Se il «determinismo psicobiologico» non risulta più adeguato per comprendere le oscillazioni e le deviazioni dello sviluppo psichico, allo stesso modo, inadeguato risulta il «determinismo tecnologico» poiché propone una visione evolutiva e lineare del mutamento indotto dalla pressione dei nuovi sistemi tecnici e organizzativi. Ancora una volta – in funzione di mediazione tra l’impianto lineare genetico-evolutivo e quello culturale-acquisitivo e rifiutando sia la visione trionfalistica dei New Media e delle tecnologie digitali sia quella economicistica e manipolativa – si è proposto l’approccio cognitivista teso a mostrare come il soggetto umano, pure in presenza di nuove condizioni ambientali, strumentali e sociali, fosse stato in grado di sviluppare facoltà intellettive e creative idonee a padroneggiare i fattori cambiamento, anche se questo è avvenuto pagando il prezzo di una difficoltosa assimilazione e di un imperfetto adattamento.

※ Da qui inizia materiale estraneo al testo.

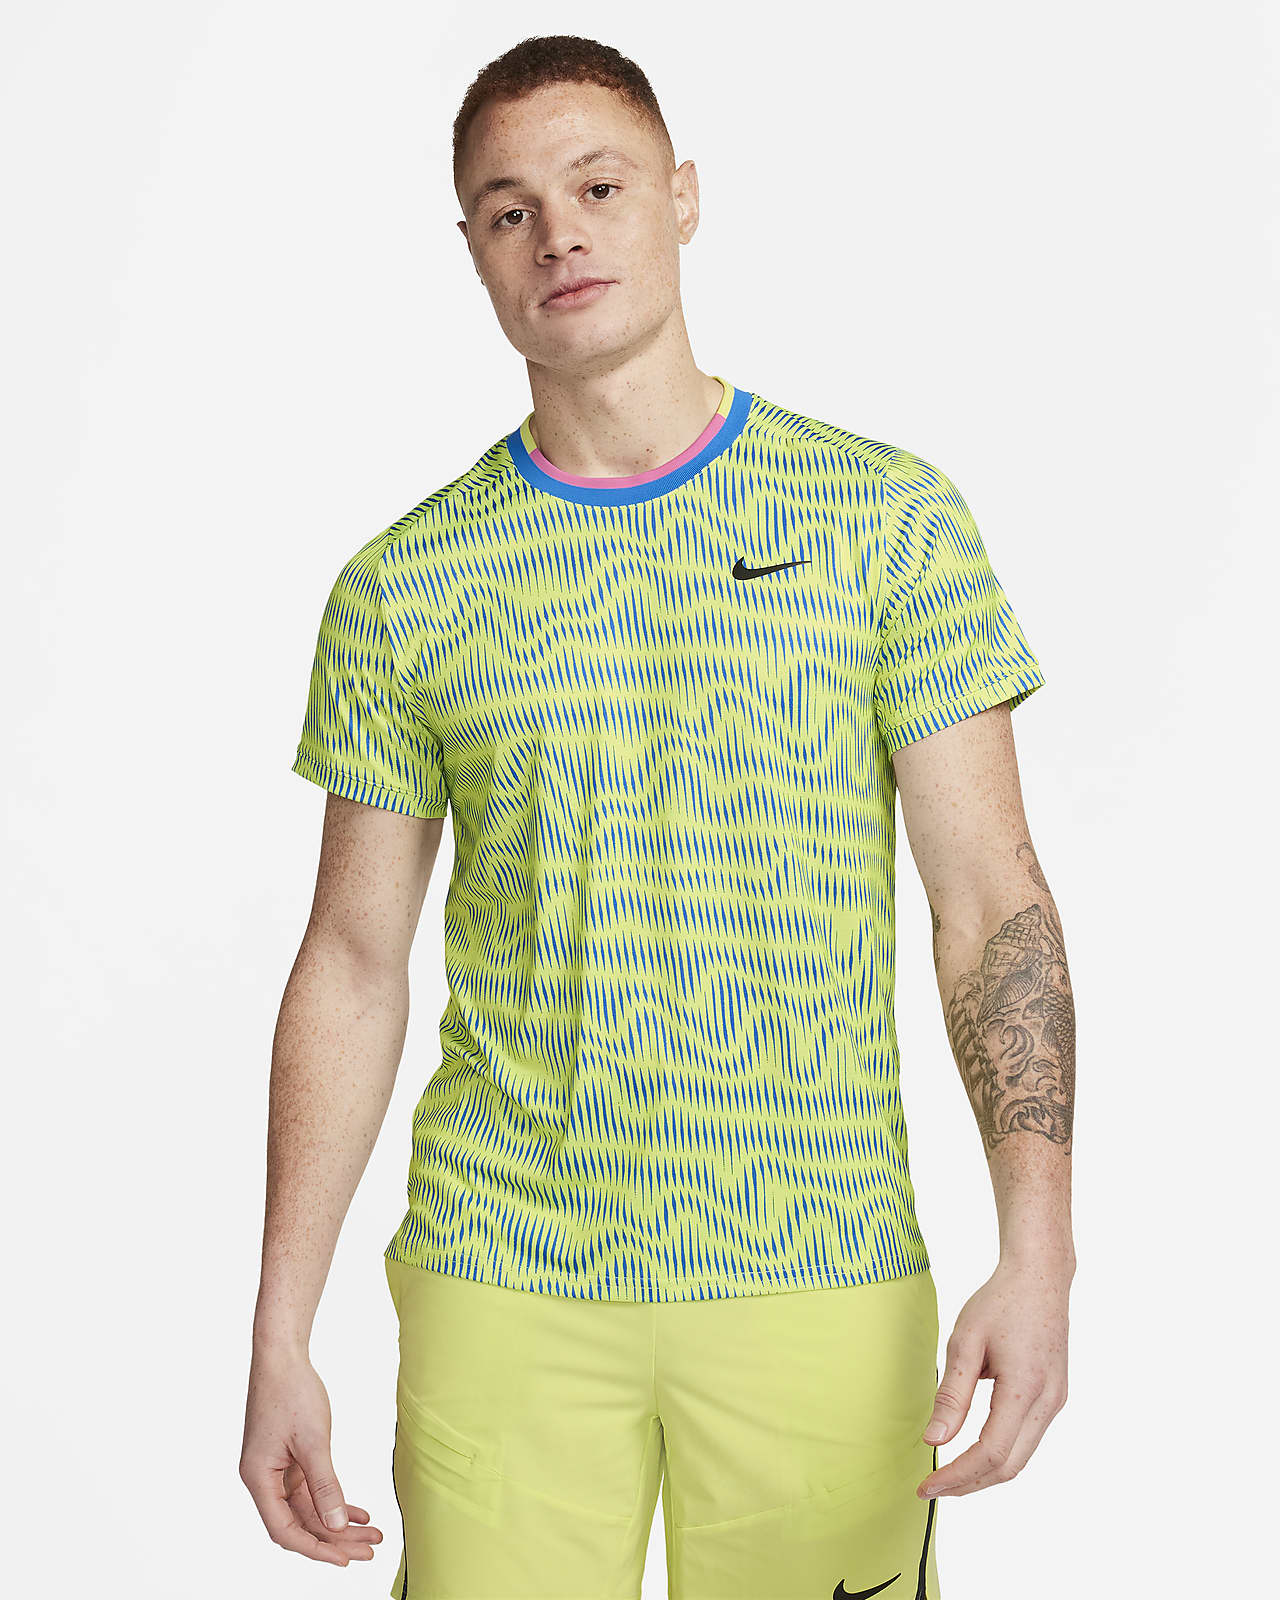 Nike Dri-FIT Advantage Camiseta de Tenis Hombre - White/Black

La psicopatologia – con la terapia farmacologica e comportamentale – ha affrontato la smartphone addiction facendola rientrare nel più vasto campo delle technological addictions. Senza proporsi obbiettivi guarizionistici e miracolistici, si è proposta attente e calibrate strategie di adattamento, riferendosi ad un range di comportamenti di nuova e non semplice classificazione. Un discorso analogo si può fare per la «psicologia delle emergenze» in quanto studio e pratica dell’analisi e dell’intervento nelle situazioni di crisi e nei disastri naturali e tecnologici, nelle crisi sanitarie, in incidenti gravi, atti violenti e conflitti[11].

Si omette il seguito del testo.